Batch normalization normalizes the mean and variance of each mini-batch using trainable parameters γ (gamma) and β (beta), respectively [10].

Group normalization divides the channel dimension into multiple groups and normalizes the mean and variance within each group using trainable parameters γ (gamma) and β (beta) [11].

Instance normalization normalizes the mean and variance independently for each channel of each sample using trainable parameters γ (gamma) and β (beta).

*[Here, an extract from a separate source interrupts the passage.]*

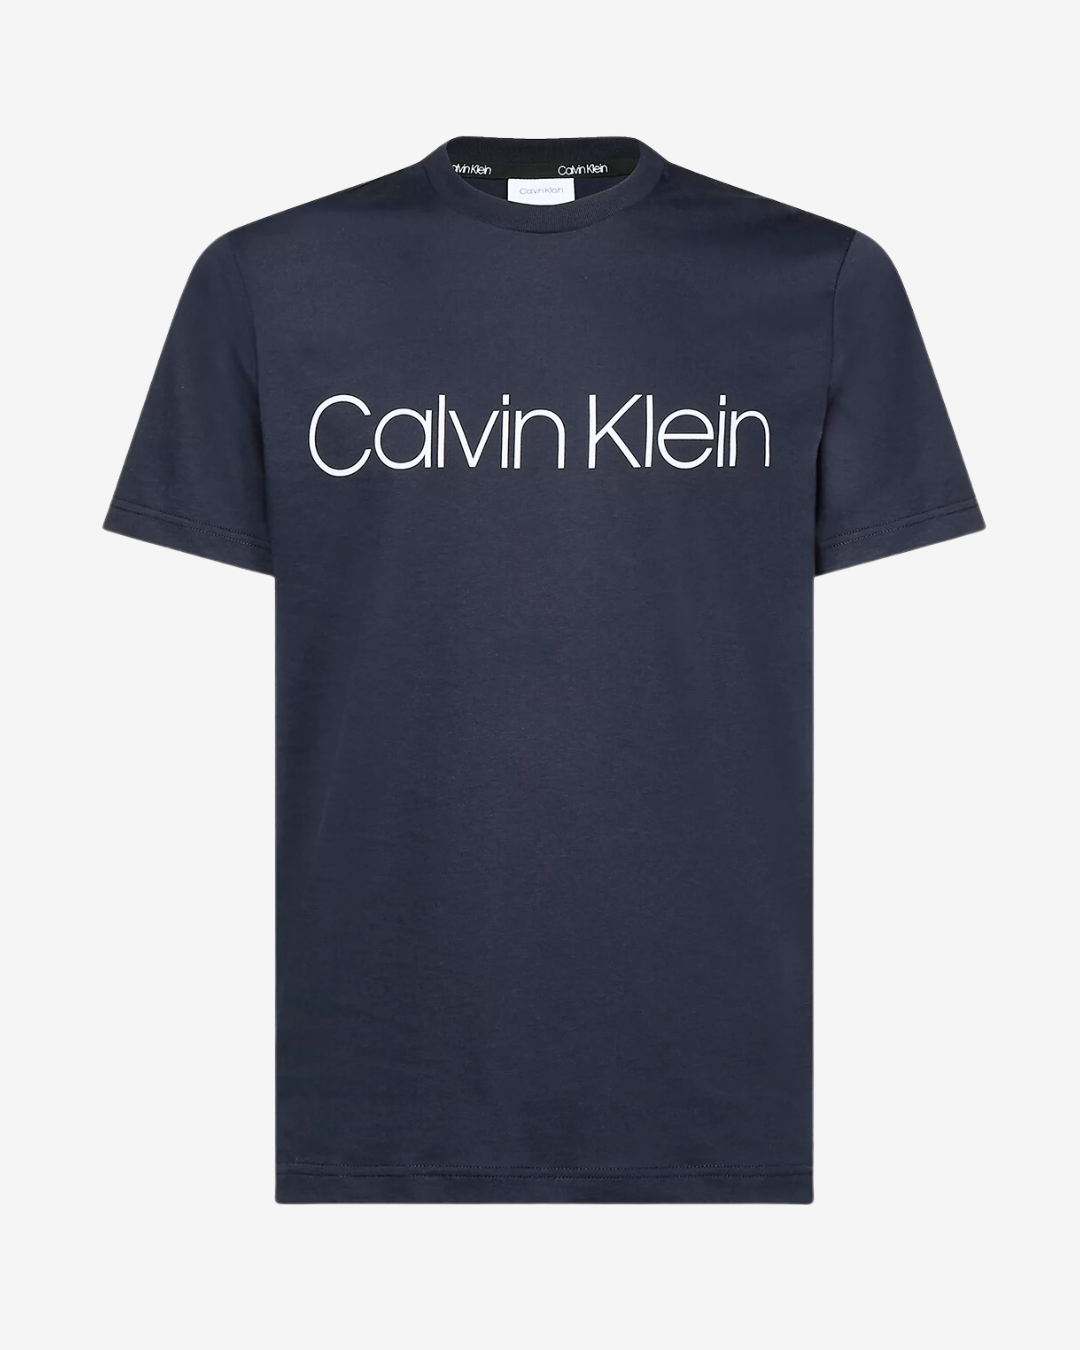 Billede af Calvin Klein Front logo t-shirt - Navy - Str. XXL - Modish.dk

Instance normalization is equivalent to group normalization with a group size of 1 [22].

In the case of batch normalization, if the batch size is small, a few samples can have a significant impact on the overall statistics, causing the calculated mean and variance to not accurately reflect the true data distribution [11]. As a result, the model may fail to converge to the global optimum, potentially reducing the accuracy of the segmentation.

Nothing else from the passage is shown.